Kat -  So, where would you like to see this research going maybe over the next 5 to 10 years, given the pace at which everything is accelerating in science and technology?

Karen -  Well, we have some very good clues now.  We have a number of different genes that we've identified as being involved in progressive hearing loss.  Now, we're in a position where we can start thinking about what molecular pathways those genes are involved in and whether those are pathways that we can manipulate particularly, using small molecules.  So, the traditional drug approach.  This is an approach that really hasn't been very seriously adopted in hearing.  

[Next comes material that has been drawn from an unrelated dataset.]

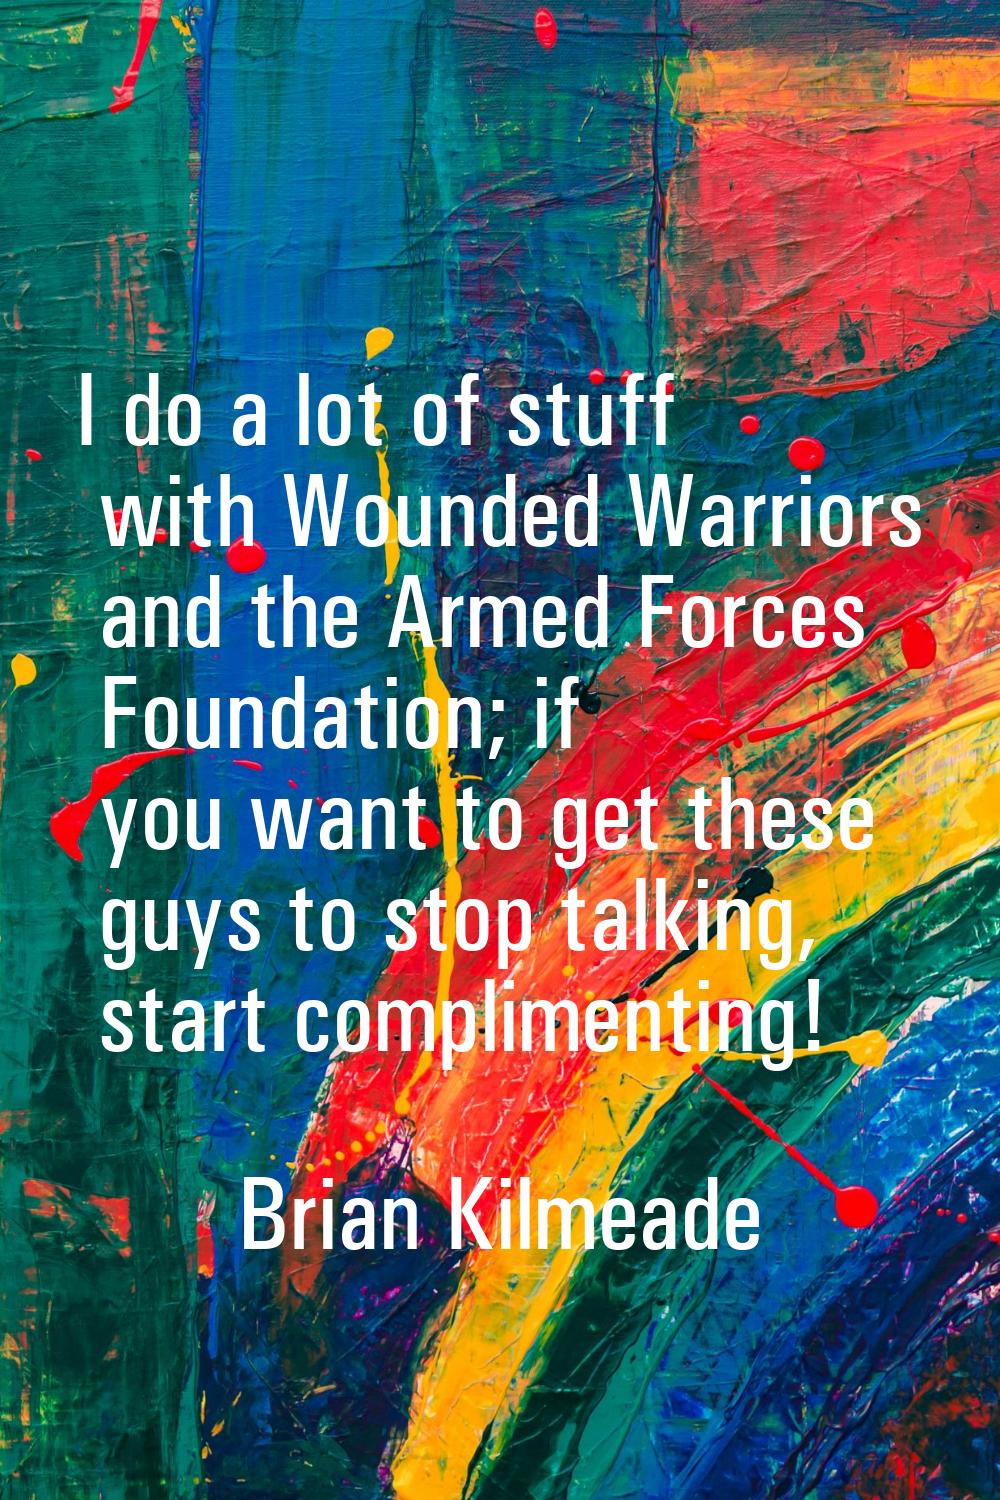 I do a lot of stuff with Wounded Warriors and the Armed Forces Foundation; if you want to get these

Most people think of hearing being treated by using hearing aids or perhaps cochlear implants if it's a very severe hearing impairment.  Those are prosthetic devices.  Those aren't treating the hearing because the person still has the hearing impairment.  Whereas, we think that we should be able to develop some drugs or small molecules that will stop the progression of hearing impairment.  But this is a long time off.  

We think in the next few years - next 2 or 3 years, we should have some animal model work that will give some proof of principle of using small molecules to stop the progression of hearing impairment.  Developing that to get into the clinic is going to take a lot longer as I'm sure you hear for many different diseases.  It's always a long process to get the initial concept of using a small molecule to treat a disease from an animal model into the clinic.  So, deafness is no different from that.

Kat - That was Professor Karen Steel from King's College London.